What’s this story you’re telling me, she mumbles, and for a moment there is such a clear picture in her mind, she must put words to it before they are erased, this is her opportunity and perhaps there won’t be another, one more step, Hemda, don’t fall down now, and she says with an effort, you and your mother, you’re not a married couple, it’s true that in a couple a new partner may replace a former one, but a child? Think of your cousins for example, when little Yotam was born did he replace Tomer?
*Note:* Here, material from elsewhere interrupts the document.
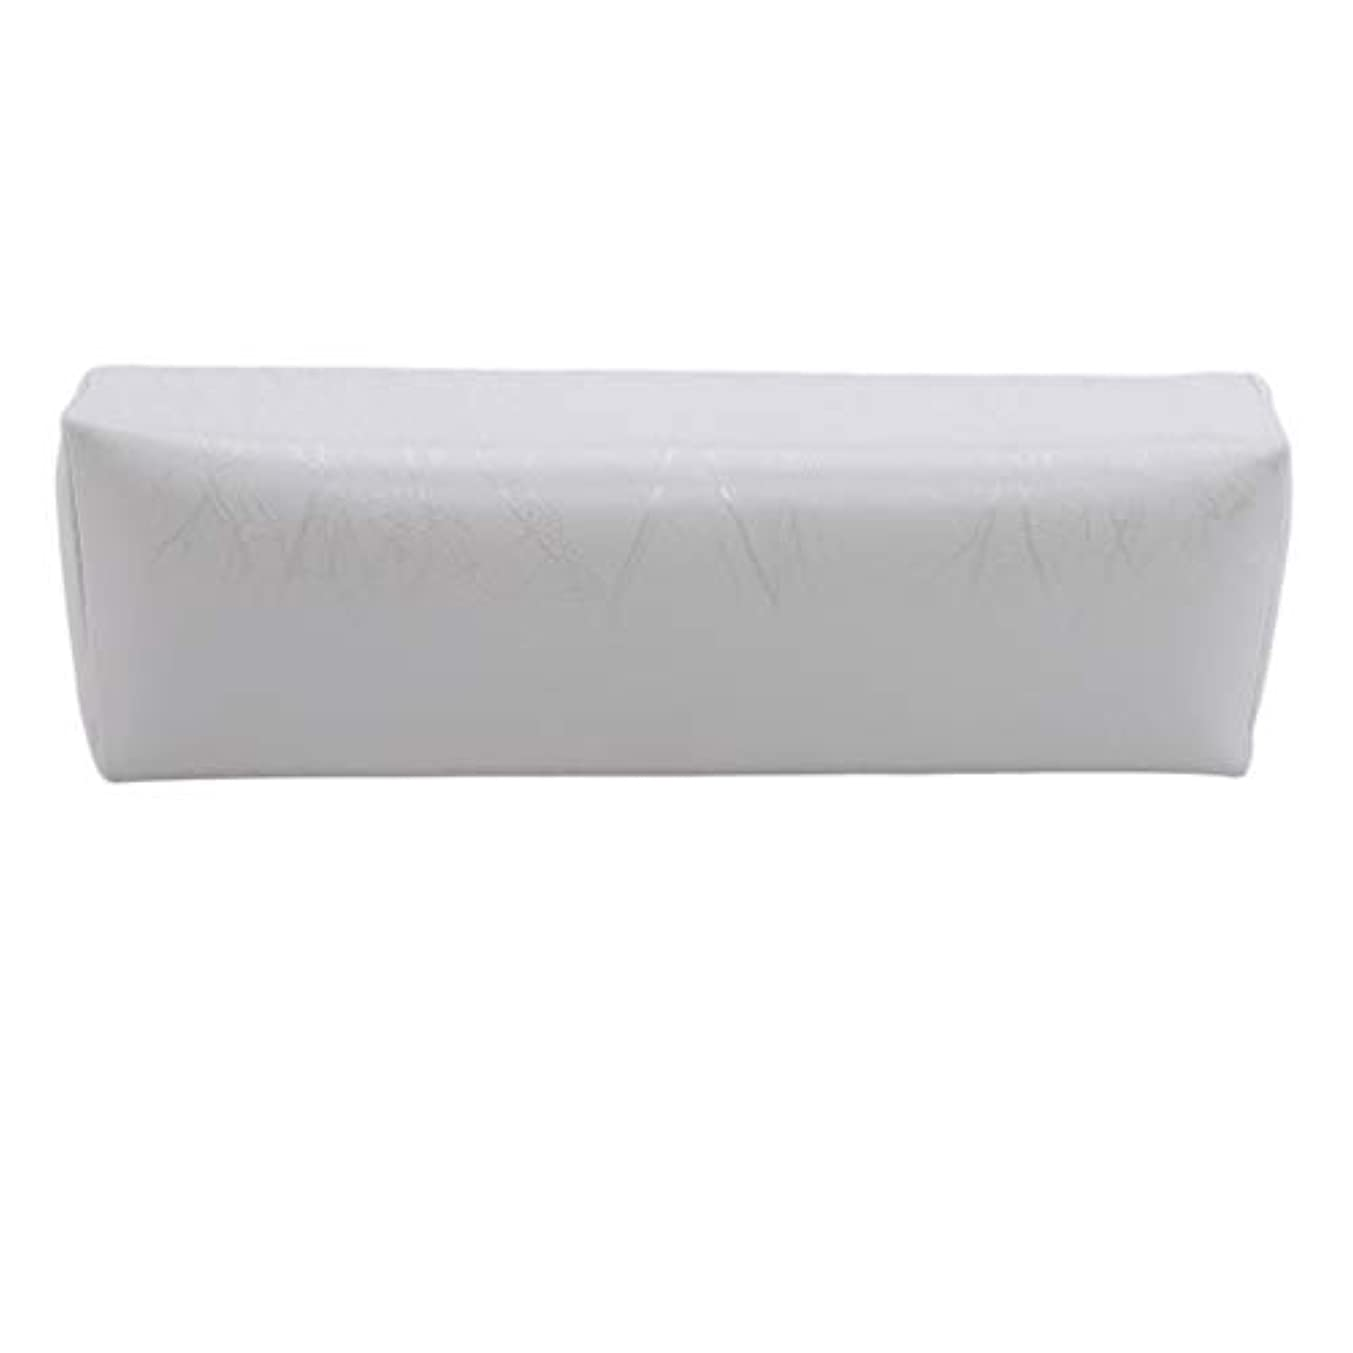 ハンディショット私たち自身HKUN プロのネイルアートツール ケアツール 洗える 手枕クッション ネイルアートホルダー ソフトアームレスト用 ネイルケア用 マニキュアネイル用品 白色
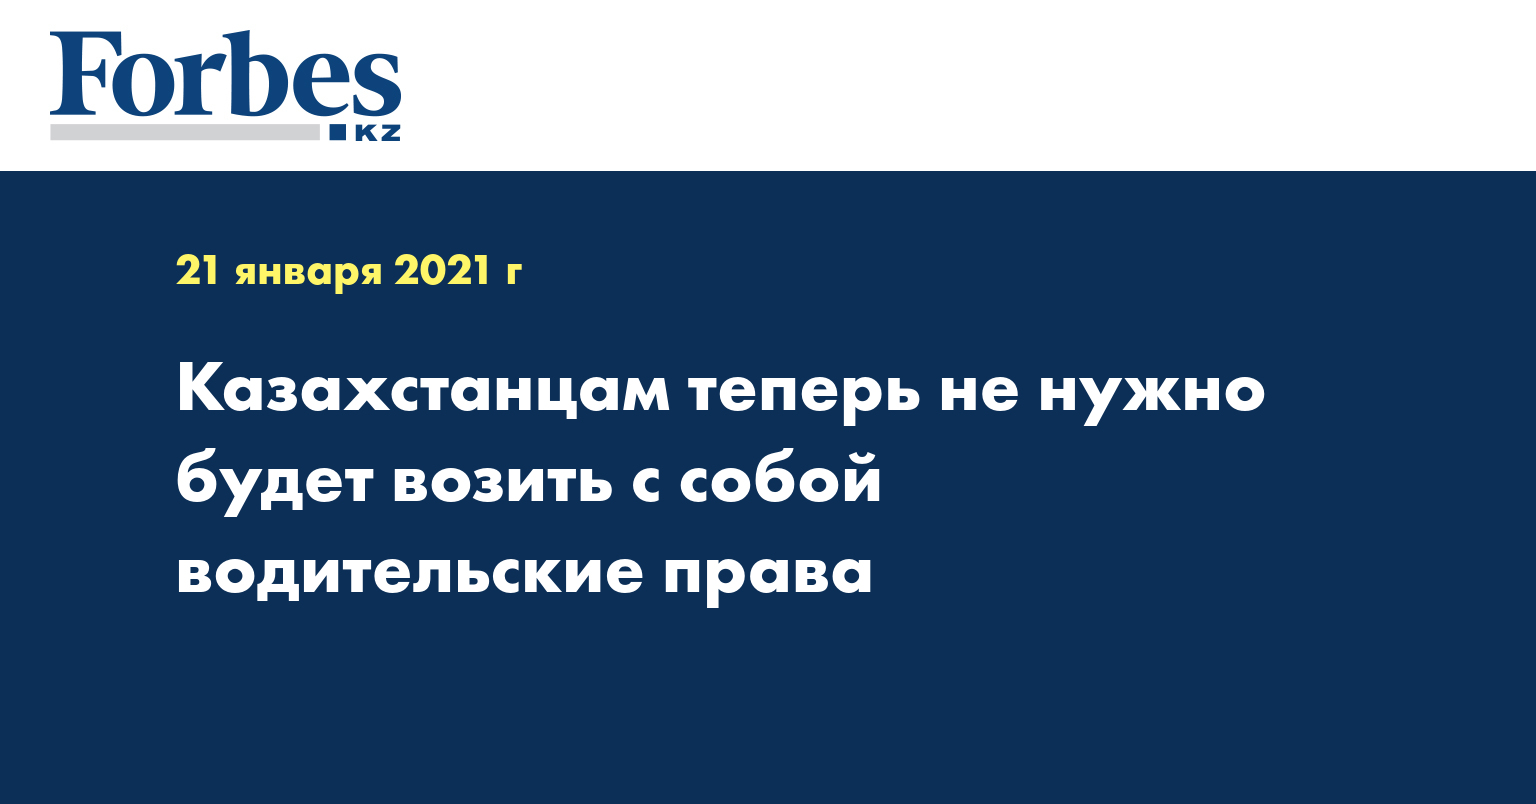 Казахстанцам теперь не нужно будет возить с собой водительские права

This is completely different, Grandma, you don’t understand, the girl detaches herself from her grandmother’s shoulder, takes off her glasses and puts them down on the oval table, she wants to adopt, she wants to bring a child home, a total stranger from the other side of the world, and Hemda says, every child is a stranger until he comes out into the light of the world and sometimes even afterwards, but a child is a child, there’s no real distinction here, it isn’t that different from pregnancy.

The fact is she didn’t want to be pregnant! And another fact, she didn’t want another child when I was younger! It’s only now she’s suddenly remembered, and that means her love is conditional, and the moment I’m not giving her what she wants she’s looking for someone else, and it’s all my fault, she wails, I was horrible to her, and she couldn’t cope with it, and now she’s punishing me by deserting me the way I deserted her, she’s stopped loving me and I deserve it, and Hemda takes the trembling girl in her arms again, as she carries on without a moment’s pause, I didn’t mean to, it just happened, I don’t understand it myself, suddenly things have changed and I’ve started going round more with my friends, and every time I came home I found Mum waiting for me with this really depressed look on her face, and so I preferred sleeping over at my friends’ houses, and even when I wanted to be with her and tell her things, the words just didn’t come out right. Suddenly I was angry with her and saying bad things to her and then I was angry with myself and taking it out on her, is it my fault I’ve grown up? Only dead children don’t grow up!